Magazine

Il a beau avoir photographié des Princes du Moyen-Orient et des célébrités, Benoît Mahaux se considère toujours comme un artisan. Ancré dans son studio au Thier de la Chartreuse, à Liège, cet artisan de l’image savoure les sourires de tous ces « Monsieur et Madame Tout-le-Monde » dont il réalise le portrait avec finesse et professionnalisme.

L’ère des réseaux sociaux aurait-elle définitivement remis le portrait au goût du jour ? Pour le photographe liégeois Benoît Mahaux, c’est oui, sans hésiter ! « Le grand public est de plus en plus sensible au portrait, et surtout, il a moins peur qu’avant de l’objectif. »

Aujourd’hui, les experts en communication le répètent : une belle photo de profil vaut souvent mieux que cent mots bien tournés… Mais autant le dire tout de suite : un selfie pris avec un téléphone portable n’est pas une photo ! Pour Benoît Mahaux, un portrait de qualité est fait pour durer, pour laisser une trace, « un peu comme la peinture d’un artiste. »

En 25 années de métier, Benoît Mahaux a photographié des tas de célébrités, des hommes politiques, de nombreux patrons d’entreprises et sportifs de haut niveau… Il s’est également fait une solide réputation dans le milieu industriel, l’horlogerie, la mode… « Une de nos caractéristiques est de pouvoir monter un studio n’importe où. Nous disposons de 40.000 joules d’éclairage, soit plus que certaines agences photos renommées ! »

Par la force des choses, plus de 30% de son travail est réalisé à l’étranger et bon nombre de clients arrivent par le bouche-à-oreille. « Quand on fait un portrait, on entre dans un certaine intimité avec les gens qu’on photographie, si bien que je peux dire que j’ai aujourd’hui plus d’amis que de clients. »

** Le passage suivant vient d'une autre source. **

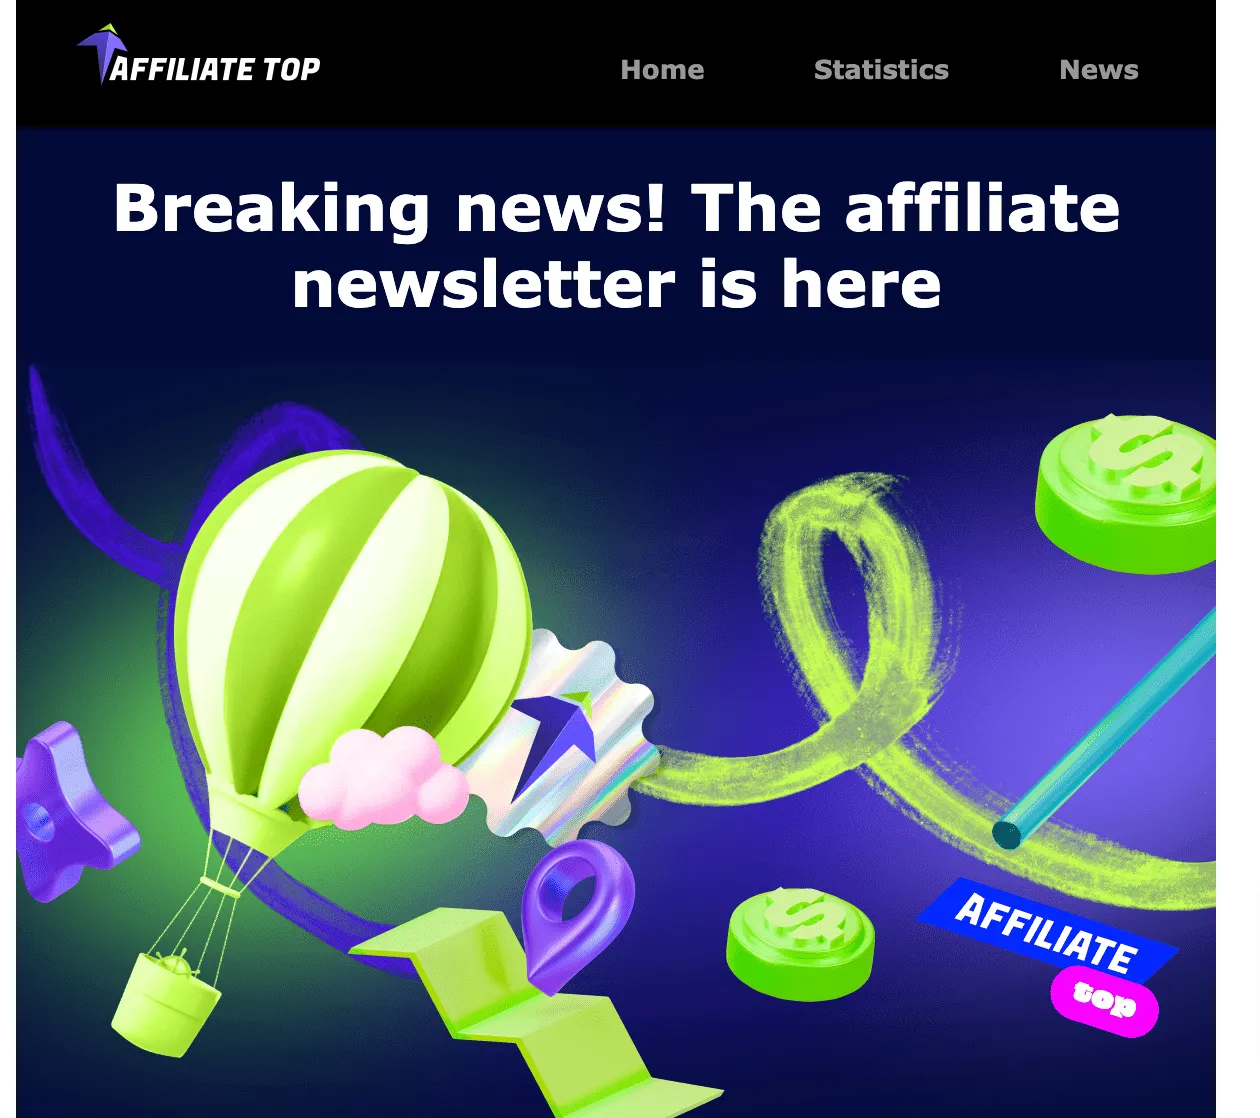 Affiliate Top Review- Events and Contests

« Mais ce n’est pas parce que j’ai photographié des célébrités que j’ai la grosse tête », précise-t-il. « Je ne suis pas un collectionneur de trophées mais un artisan, et je revendique le fait d’être Liégeois avant tout. » Après avoir tiré 5.000 photos en 3 jours pour une personnalité, Benoît Mahaux se délecte des portraits « d’anonymes » réalisés dans son studio comme d’un bon dessert. « J’aime les gens ! Je prends du plaisir à les mettre à l’aise et à les rendre au mieux au travers de mes photos. Mon plus beau paiement, c’est leur sourire », confie-t-il.

© Mahaux Photography

Un shooting photo, ça fait du bien

Benoît Mahaux en est convaincu : un shooting photo est bon pour le moral ! « Certaines personnes ne sont pas à l’aise avec leur corps ou pensent qu’elles ne sont pas belles. Mais ce n’est pas vrai ! Il est toujours possible de mettre quelqu’un en valeur sans tricher. » Le photographe déteste Photoshop. « Je préfère travailler avec la lumière. Pour moi, il est important que la photo reste authentique. Parfois, je pourrai accentuer certaines rides pour donner plus de puissance au portrait. Mais je fais toujours cela avec les gens. Nous travaillons ensemble. »

© Mahaux Photography

Des clients créatifs !

Souvent, son travail est cadré par des cahiers de charges très précis, provenant des agences de pub ou de services de communication d’entreprises. Mais parfois, une opportunité d’explorer un terrain plus créatif se présente, et c’est la cerise sur le gâteau… « Récemment, un ingénieur français m’a fait une demande un peu particulière. Il avait deux photos de ses ancêtres en habits militaires, trouvées dans le grenier de sa grand-mère. Cela faisait deux mois qu’il ne se rasait plus en vue de faire un portrait qui ressemble à ces photos. Puis il a offert ses portraits à ses parents. J’ai trouvé sa démarche vraiment intéressante ! »

© Mahaux Photography

Je rêvais de photographier des hauts-fourneaux

Son amour pour ce métier, Benoît Mahaux le puise dans ses origines. Ils étaient sept enfants, trois sont devenus photographes… « Mon père avait un studio et réalisait 90% de son travail dans l’industrie. Je le voyais photographier les hauts-fourneaux et je rêvais de le faire aussi ! »

Mais avant de pouvoir photographier son premier haut-fourneau, Benoît Mahaux a dû attendre 20 ans et passer par quelques chemins détournés. « Au début, mon père me disait que la photographie n’avait pas d’avenir. Aujourd’hui, ça fait plus de 25 ans que je photographie ! »

Et quand il n’est pas en train de photographier, Benoît Mahaux s’attèle à retaper son studio installé dans un bâtiment classé - les écuries du couvent de la Chartreuse -, pour lequel lui et son épouse ont eu le coup de foudre en 2006, et qu’ils ont complètement réaménagé en un espace qui transpire la passion et la générosité.